Exercise description: Leaving out every picture, copy the lines of the material below exactly, from the line containing "Human resources icons" through the line containing "N308CR, 1991 Canadair".

Task input:
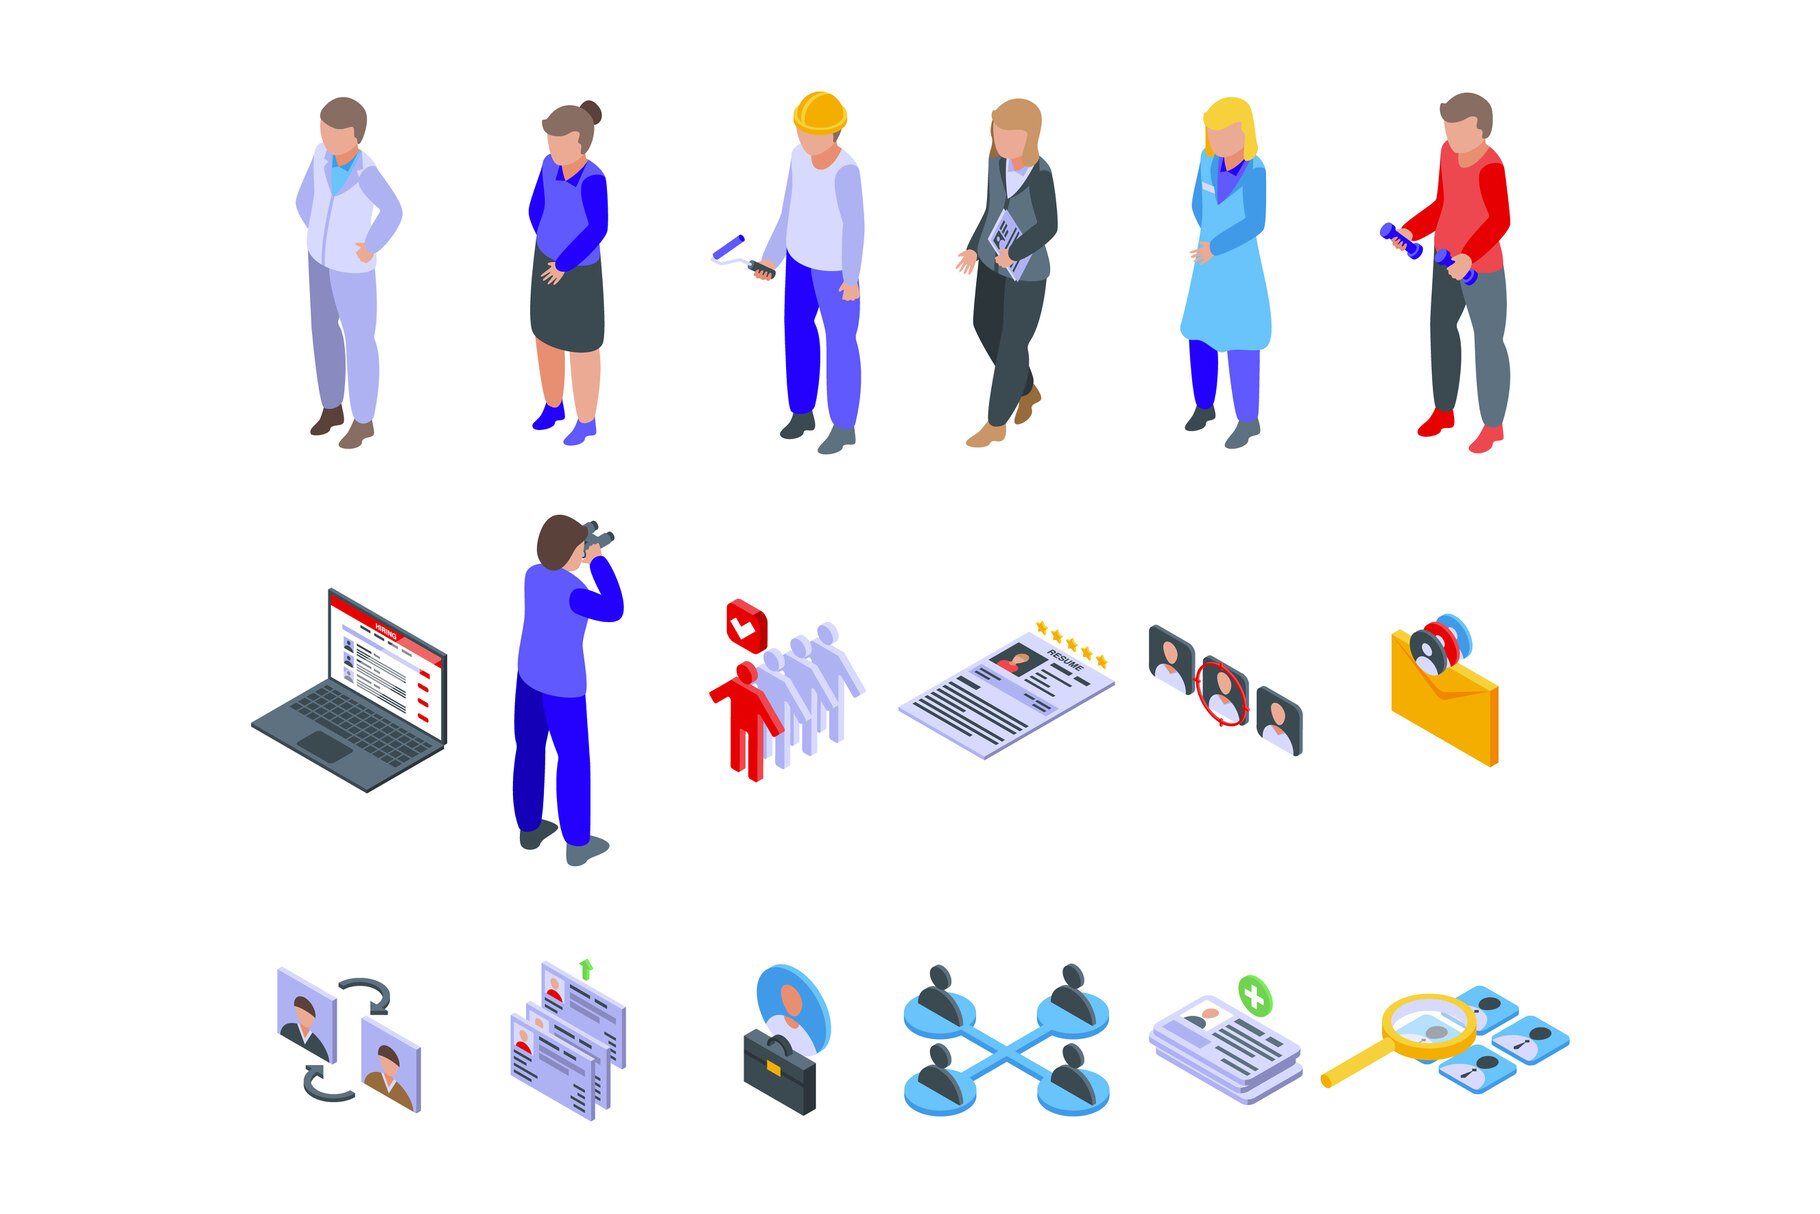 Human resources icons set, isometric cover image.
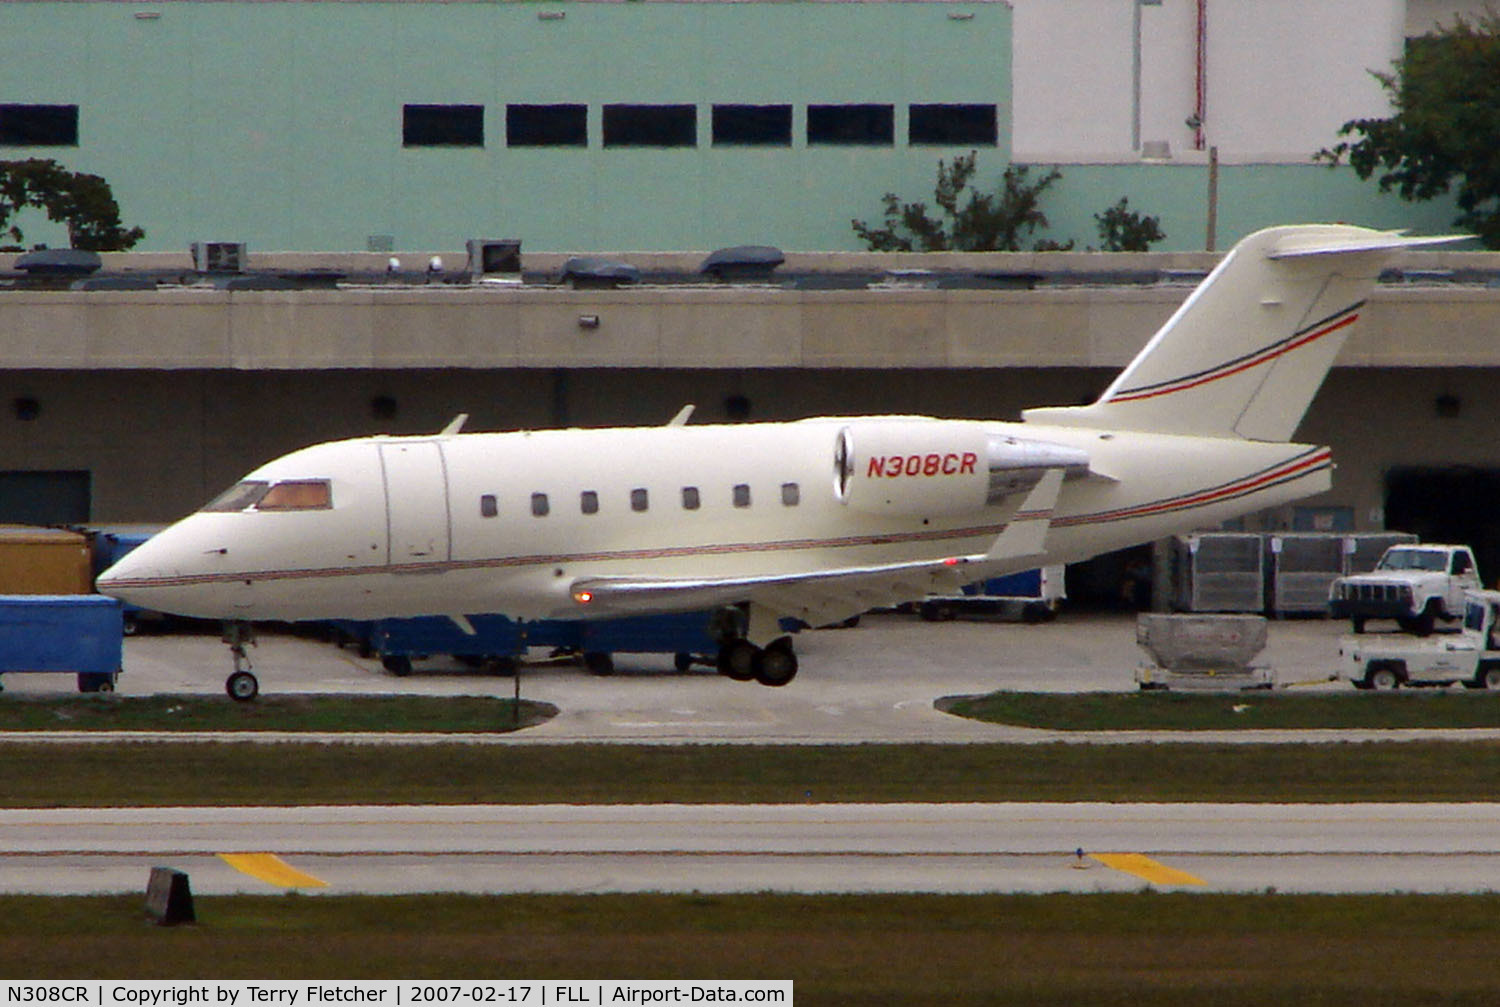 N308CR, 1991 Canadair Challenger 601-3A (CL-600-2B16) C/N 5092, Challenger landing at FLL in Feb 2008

==

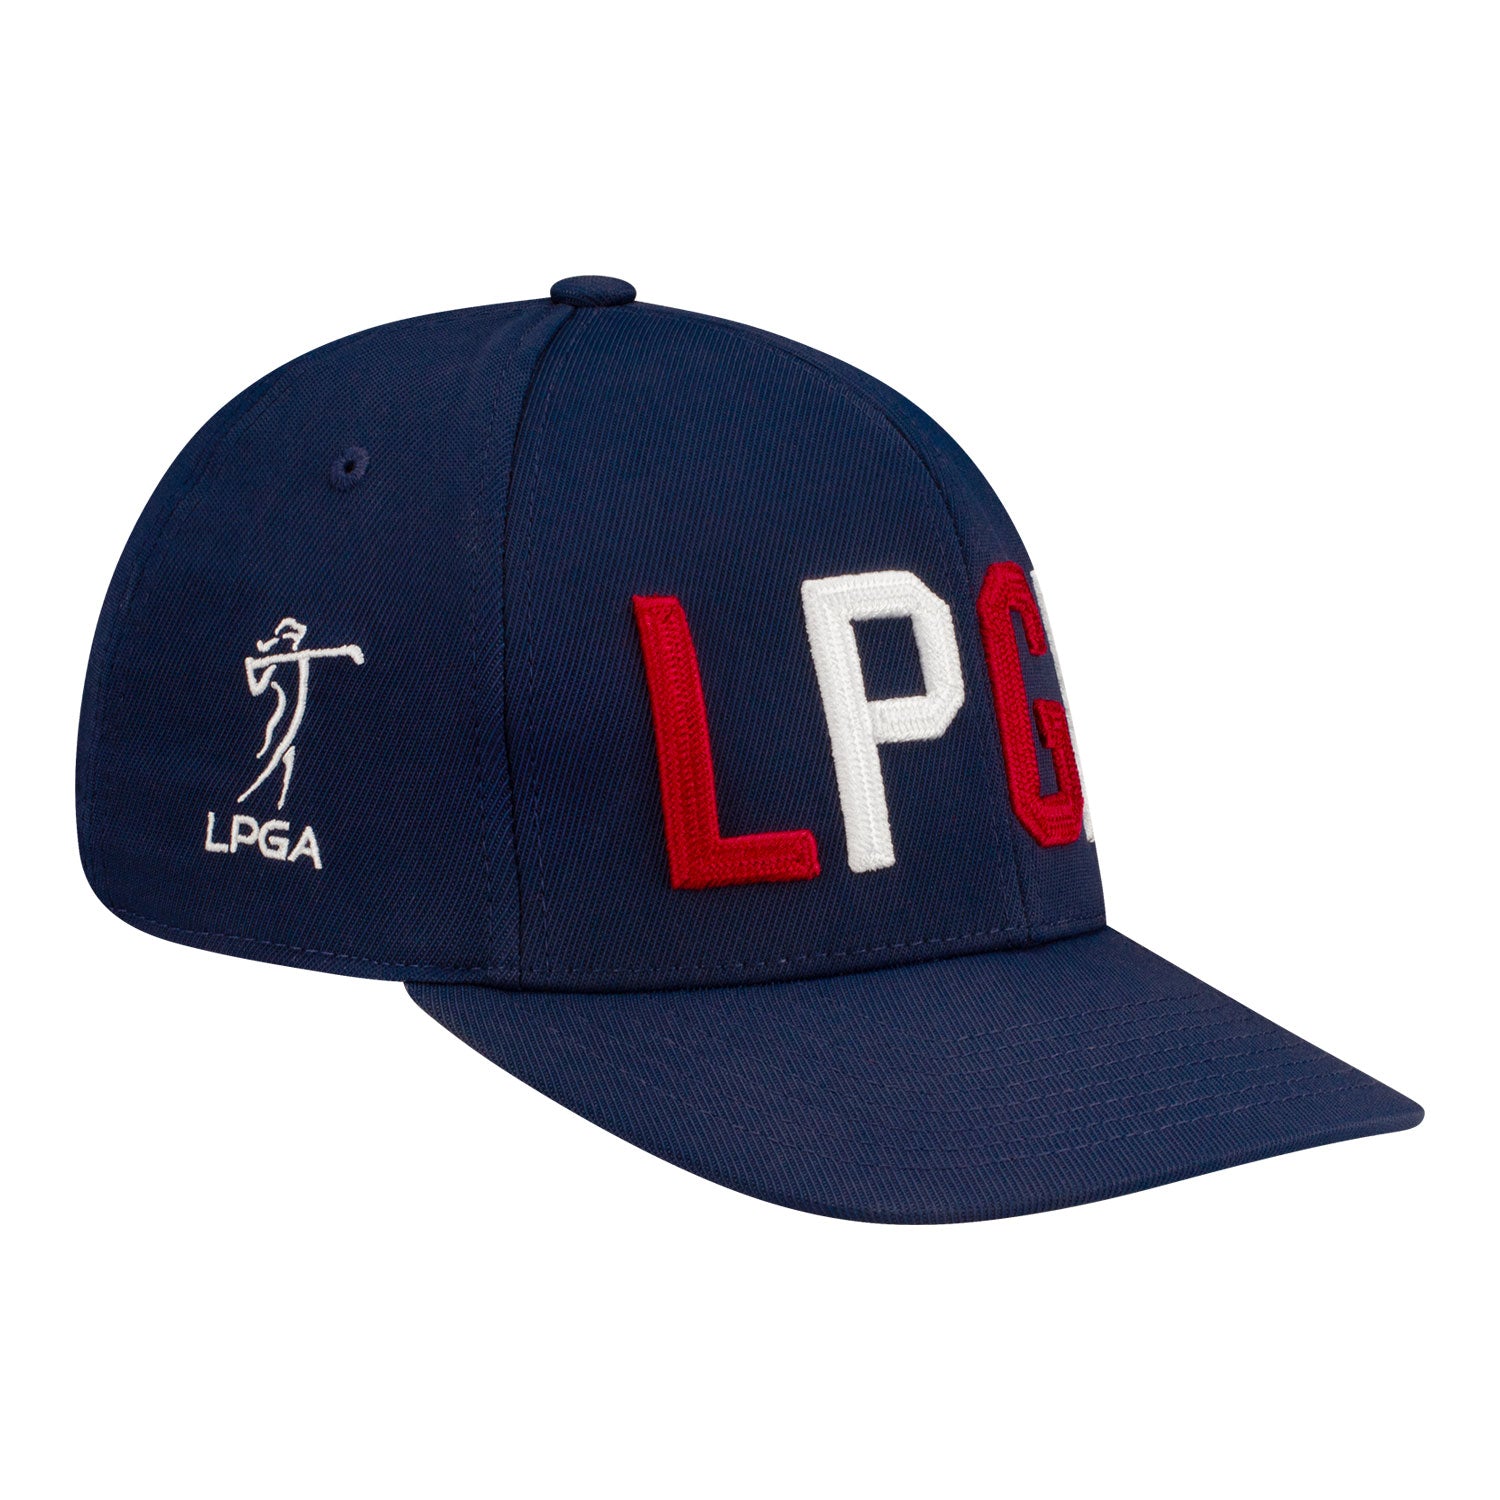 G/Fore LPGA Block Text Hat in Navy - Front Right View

Result for this task:
 Human resources icons set, isometric cover image.
 N308CR, 1991 Canadair Challenger 601-3A (CL-600-2B16) C/N 5092, Challenger landing at FLL in Feb 2008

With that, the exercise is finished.